Check out QwQ-32B, a new open-source language model from the Qwen team. It's achieving something remarkable: reasoning performance comparable to DeepSeek-R1, but with a model that's 20 times smaller (32B parameters vs. 671B)!
This is a big deal because:
🤯 Size/Performance Ratio: It punches way above its weight class in reasoning, math, and coding tasks.
🧠 Scaled Reinforcement Learning: They achieved this by scaling up Reinforcement Learning (RL) on a strong foundation model (Qwen2.5-32B).
🤔 "Thinking Mode": Like some other recent models, it has a special "thinking mode" (activated with tags) that allows for longer chains of thought.
✅ Open Source: Model weights are available under Apache 2.0.
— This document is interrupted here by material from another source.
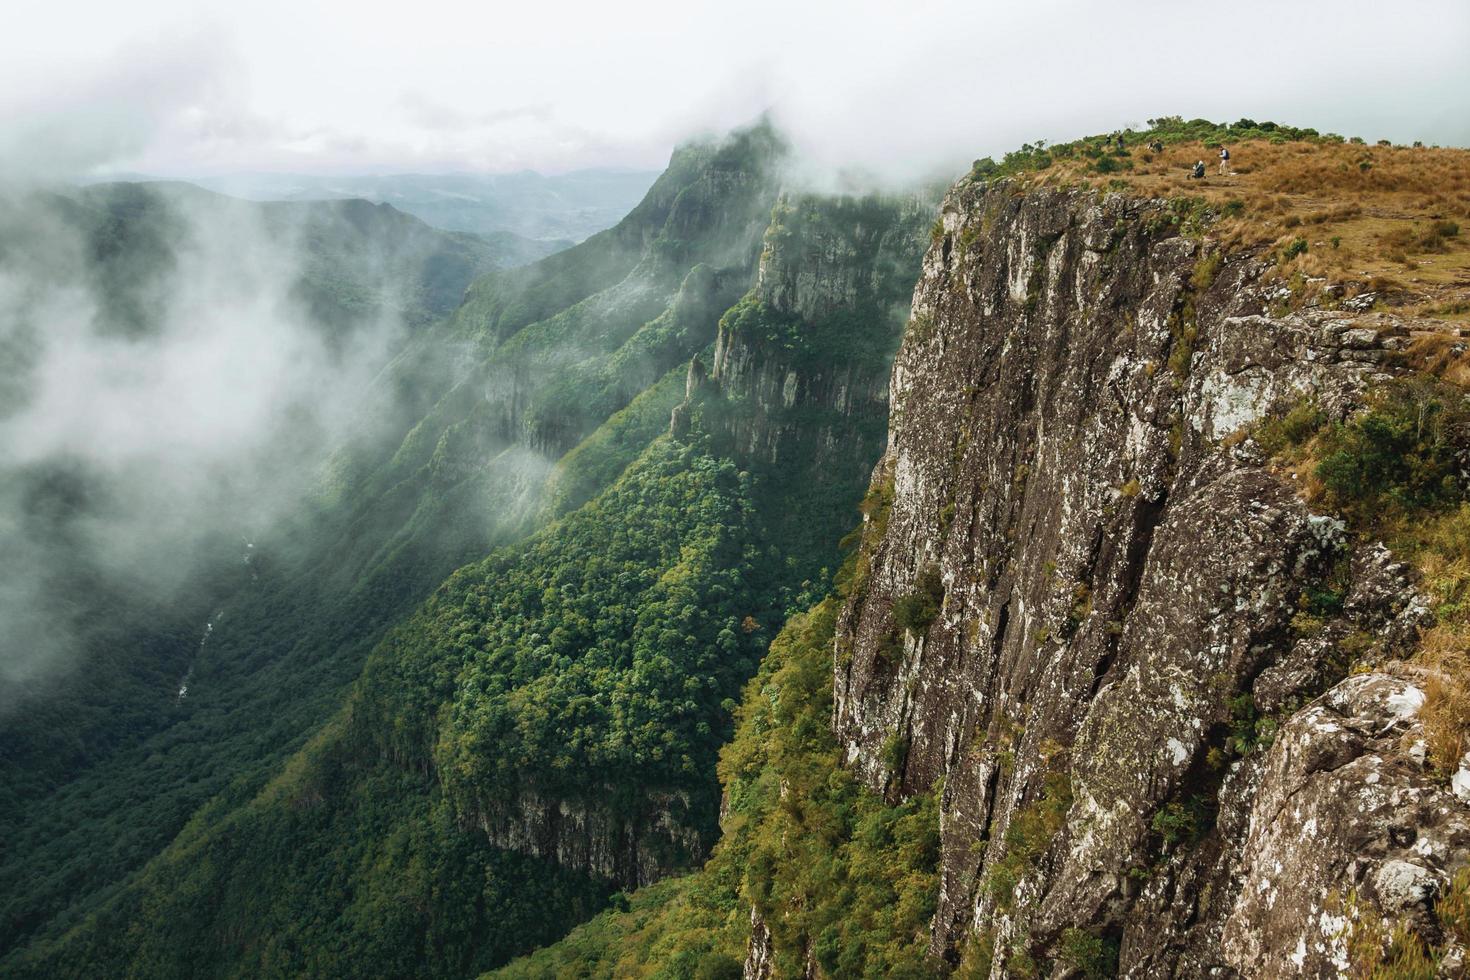 Fortaleza cañón con escarpados acantilados rocosos cubiertos por un espeso bosque y niebla que sube por el barranco cerca de cambara do sul. una pequeña ciudad rural en el sur de Brasil con increíbles atractivos turísticos naturales. foto

Available now in Qwen Chat and HF Spaces.
The implications of getting this level of reasoning performance from a 32B model are huge. It opens up possibilities for deploying powerful AI on less powerful hardware, reducing costs, and making advanced reasoning capabilities more accessible.
@sonu_goswami2 It reveals all the details of its reasoning, clear and transparent – just like R1!
Grimo
@zaczuo cmon this is so fckin good! we've been playing with it on qwen chat as well as groq cloud, performance was astonishing! great job qwen team!
@sonu_goswami2 @zaczuo Nice! Will check it out!
I use hugging face every day for my job. I didn't know that models there can be launched on PH. Very cool!
MGX (MetaGPT X)
This score and size are amazing, I have a few questions
What is the difference between it and DeepSeek R1?
Do you have plans to make a larger size reasoning model?
Thank you for your contribution to the open source community!